Heart London
- London; England;
- Frequencies: FM: 106.2 MHz DAB: CE Digital (London), Block 12C, 128 kbit/s Sky (UK only): 0109 TalkTalk TV: 612 Virgin Media: 918 Freeview 728 Freesat 733
- RDS: HEART

Programming
- Format: Hot AC
- Network: Heart

Ownership
- Owner: Global
- Sister stations: Capital London LBC LBC News Smooth London Radio X Gold

History
- First air date: 5 September 1995; 30 years ago

Links
- Website: www.heart.co.uk/london

= Heart London =

Radio station in London

Heart London is a regional radio station owned and operated by Global Radio as part of the Heart network. Across London and its neighbouring counties, it can be heard on 106.2 MHz.

==History==
In 1994 Chrysalis Radio was awarded a London-wide licence to broadcast "soft AC" music, winning the licence as "Crystal FM".

The name was changed to Heart 106.2 which began test transmissions in August 1995, prior to the station launch on 5 September. This included live broadcasts of WPLJ from New York City.

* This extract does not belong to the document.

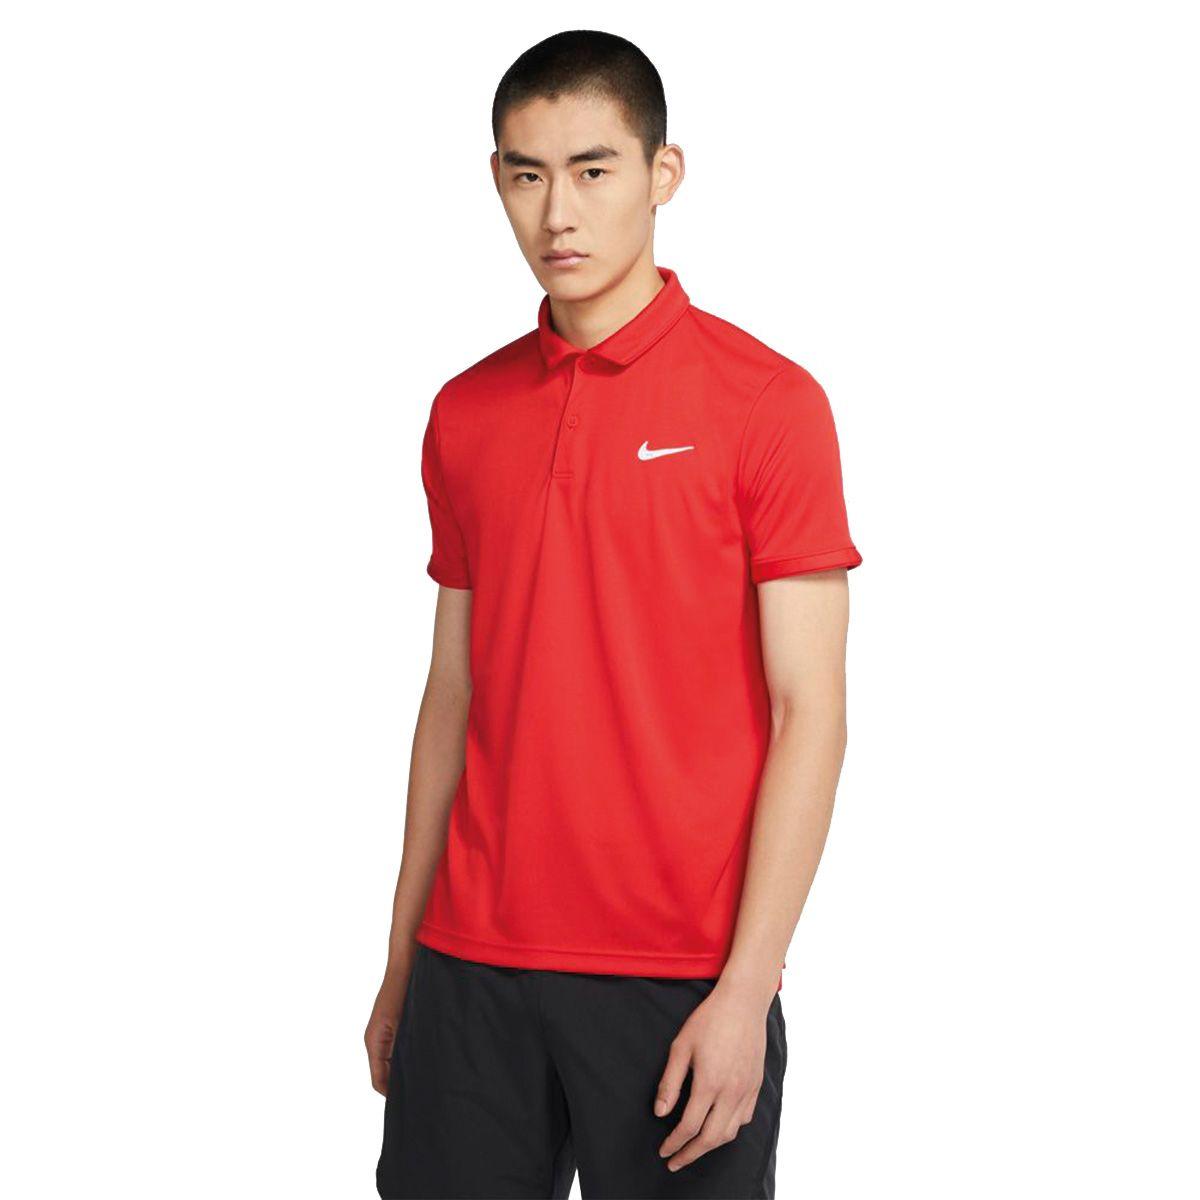 Nike Polo NikeCourt Dri-FIT Victory Uomo Rosso

In 1996 the Heart programming format saw the "soft AC" music replaced with a generally more neutral Hot AC playlist.

On 25 June 2007, Chrysalis Records announced that Heart along with its sister stations The Arrow, Sky News Radio, LBC and Galaxy were to be sold for £170 million to Global Radio.

On 28 April 2008, Heart London began simulcasting most of its programmes on Heart West Midlands, thereby beginning a roll-out of Heart London to other stations and by 2010, local programming was reduced to seven hours on weekdays and four hours on Saturday and Sunday. By 2019, that output was reduced to the OFCOM minimum 3 hours per weekday, with no local content on weekends.

==Current notable presenters==

- Lindsey Russell
- Amanda Holden
- Jamie Theakston
- Ashley Roberts
- Kelly Brook
- Jason King
- Dev Griffin
- Toby Anstis
- Zoe Hardman
- Mark Wright
- Yasmin Evans
- Emma Bunton
- Lucy Horobin
- Vicky Pattison
- Scarlette Douglas
- Davina Mccall
- Olly Murs

==Availability==
In addition to FM, the station is available on DAB digital radio in London, and across the UK on Freesat, Sky, Freeview, TalkTalk TV and Virgin Media. The station is also available on MXR regional DAB multiplexes in the North West, North East, the Severn Estuary and Yorkshire, as well as on Switch Digital in central Scotland, having replaced Heart Digital. Until April 2006, the station could also be listened to worldwide through its Internet stream. However, according to the website, the station has withdrawn this facility outside the UK due to licensing laws.

==News==
Global's London headquarters broadcasts hourly news bulletins 24 hours a day, including local news bulletins from 0500 to 1900 on weekdays and 0600 to noon at weekends.